> **INFORMATION PROVIDED**:

__________

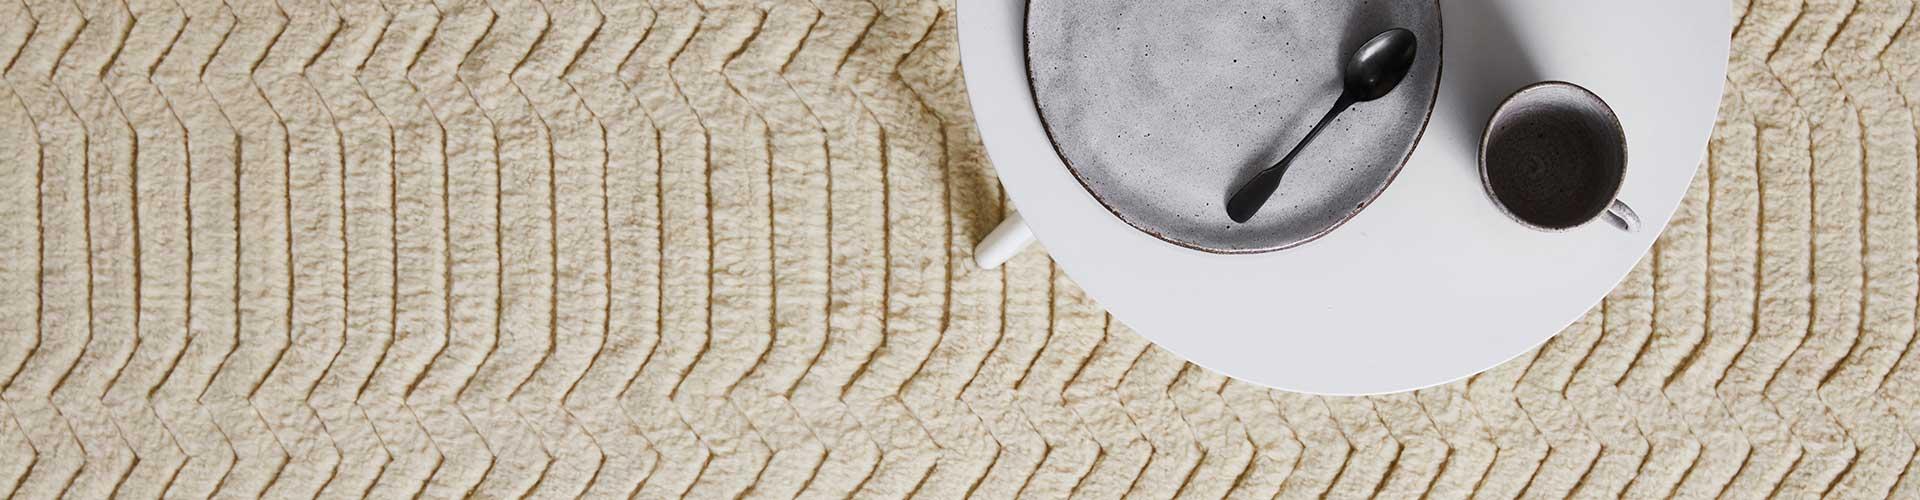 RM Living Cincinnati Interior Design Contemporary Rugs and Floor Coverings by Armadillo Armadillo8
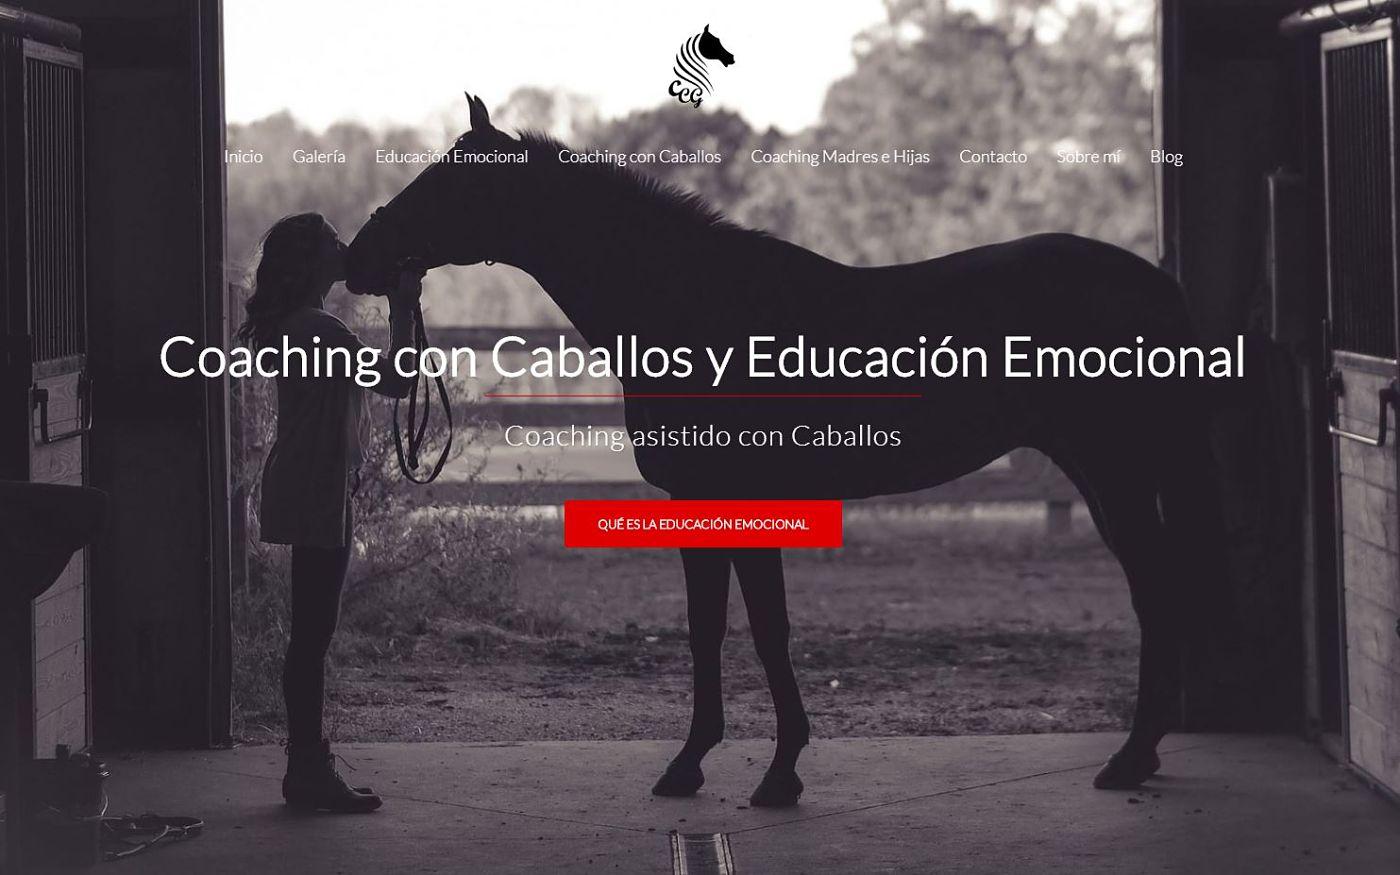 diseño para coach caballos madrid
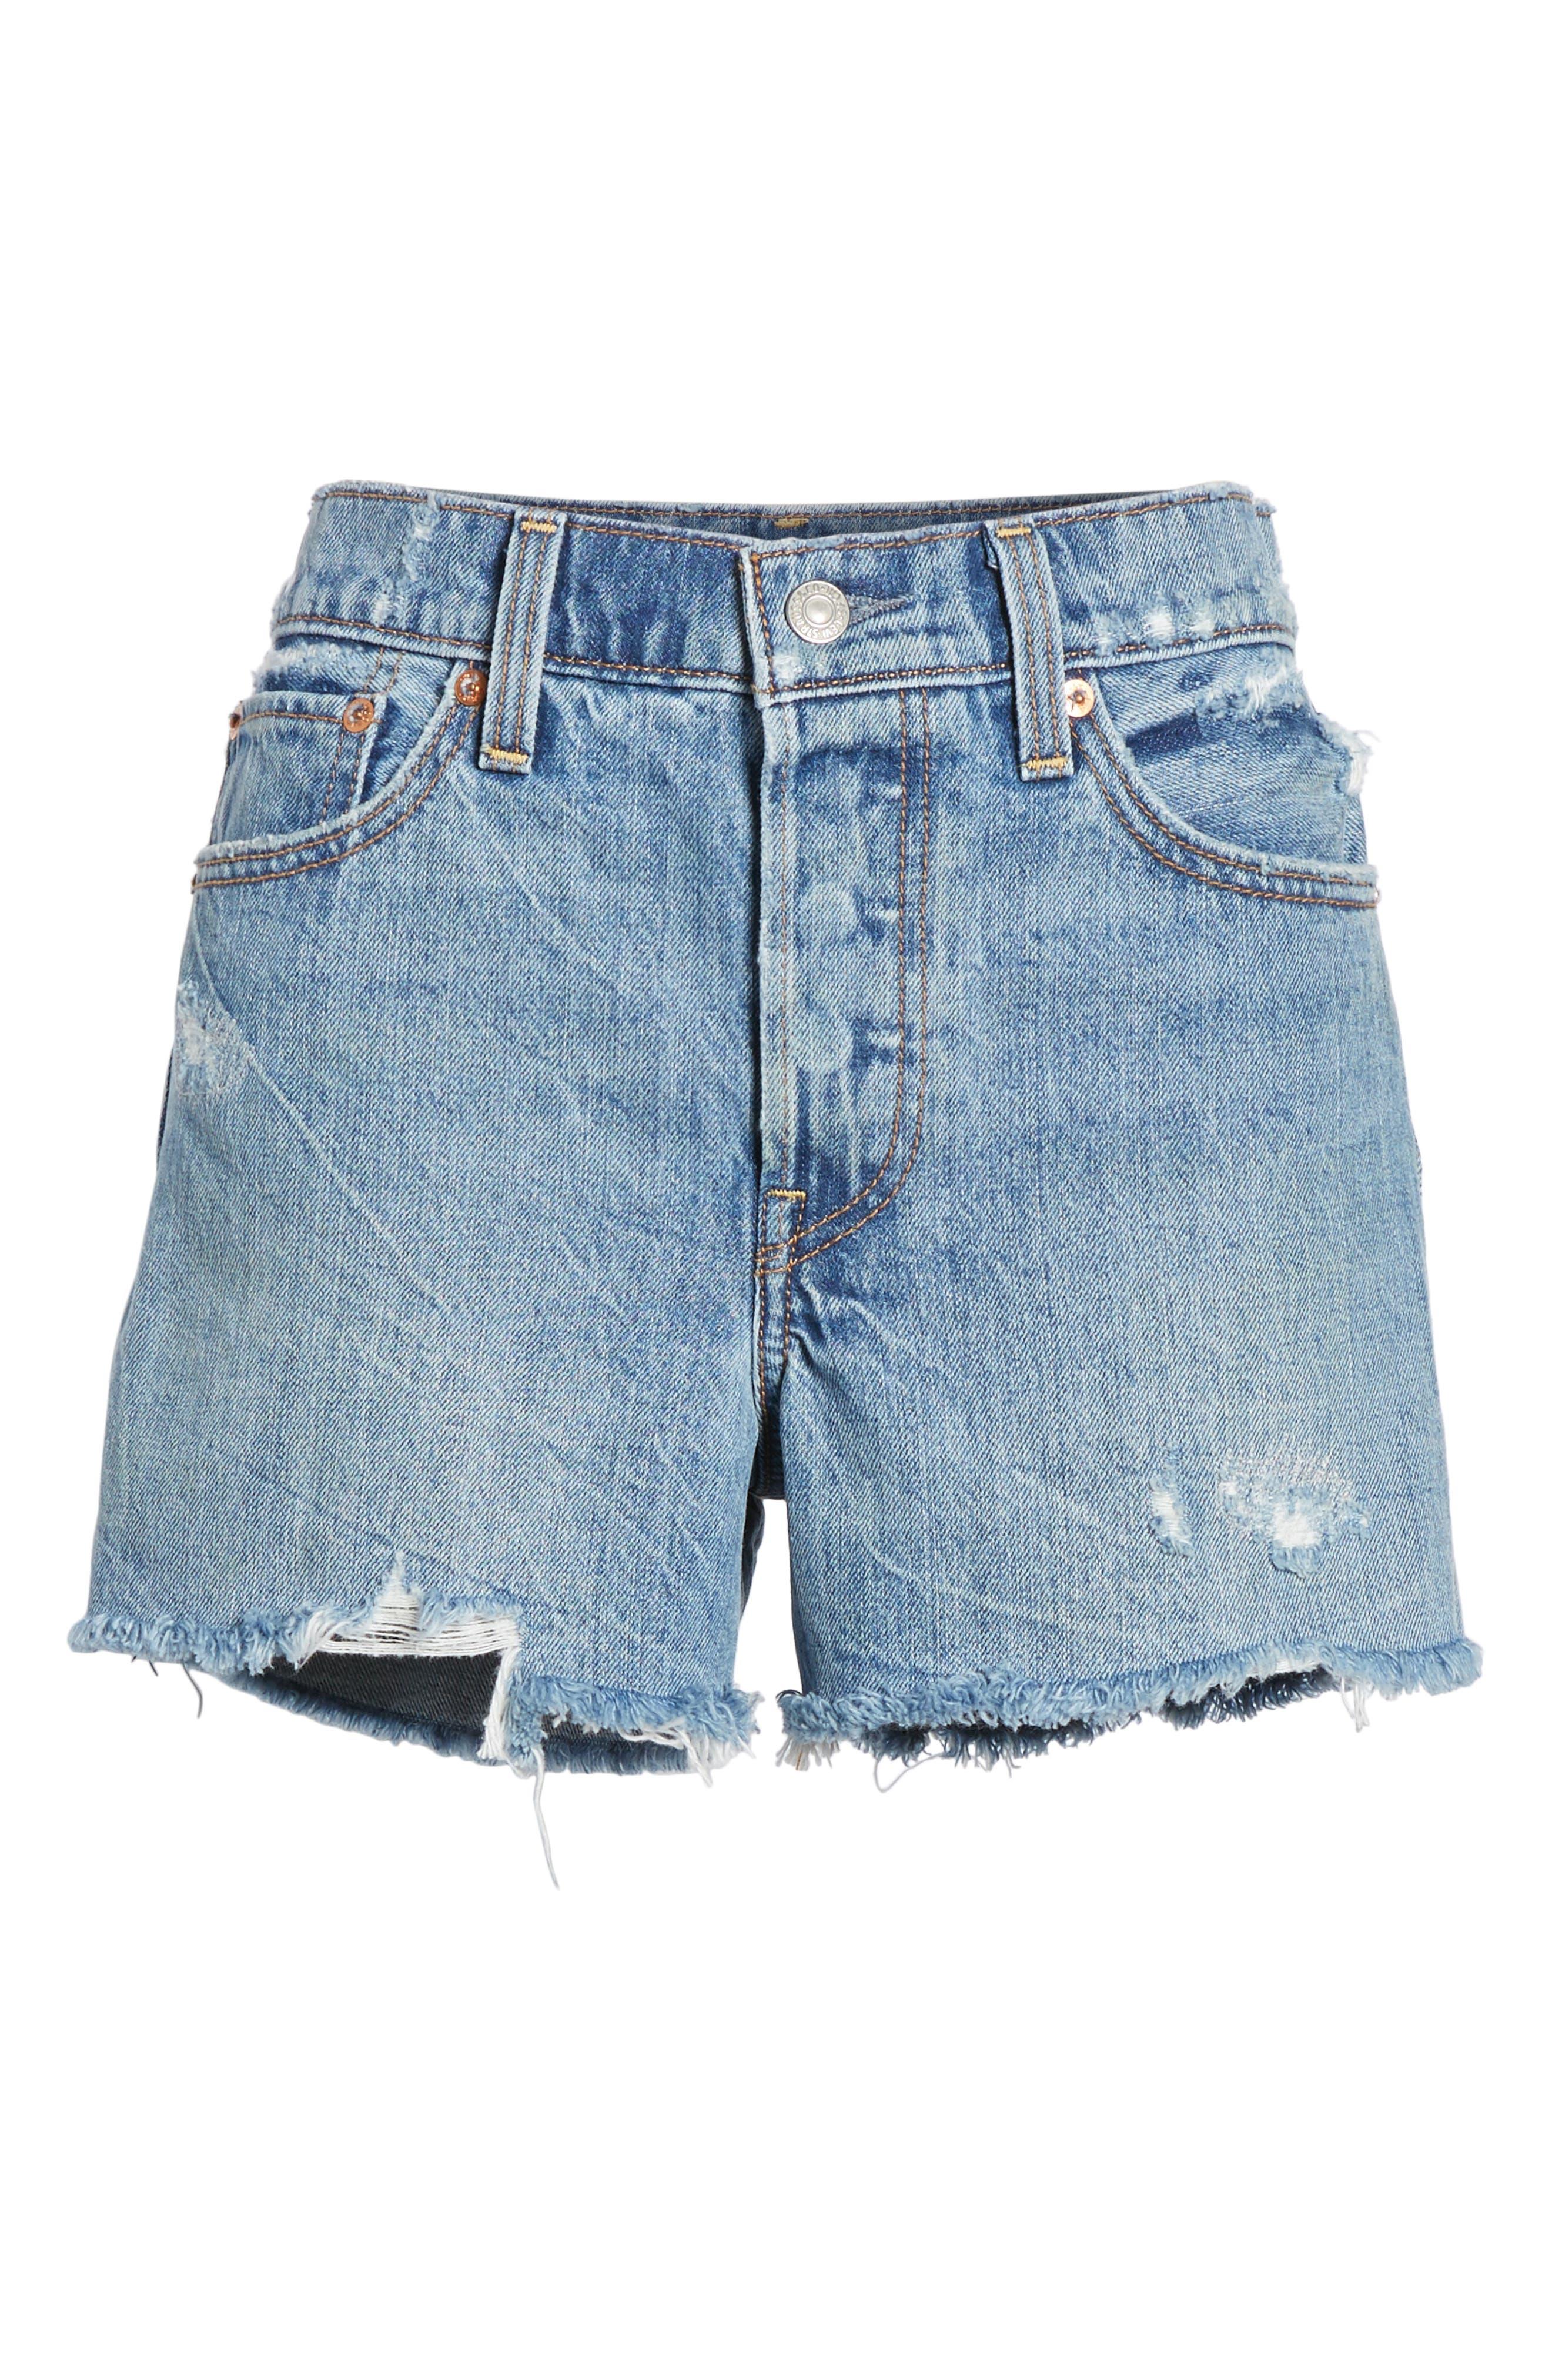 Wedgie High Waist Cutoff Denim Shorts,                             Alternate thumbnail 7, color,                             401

__________

> **WORK TASK**:
Would you return all the data exactly as given, minus the pictures?

> **EXERCISE RESPONSE**:
 RM Living Cincinnati Interior Design Contemporary Rugs and Floor Coverings by Armadillo Armadillo8
 diseño para coach caballos madrid
 Wedgie High Waist Cutoff Denim Shorts,                             Alternate thumbnail 7, color,                             401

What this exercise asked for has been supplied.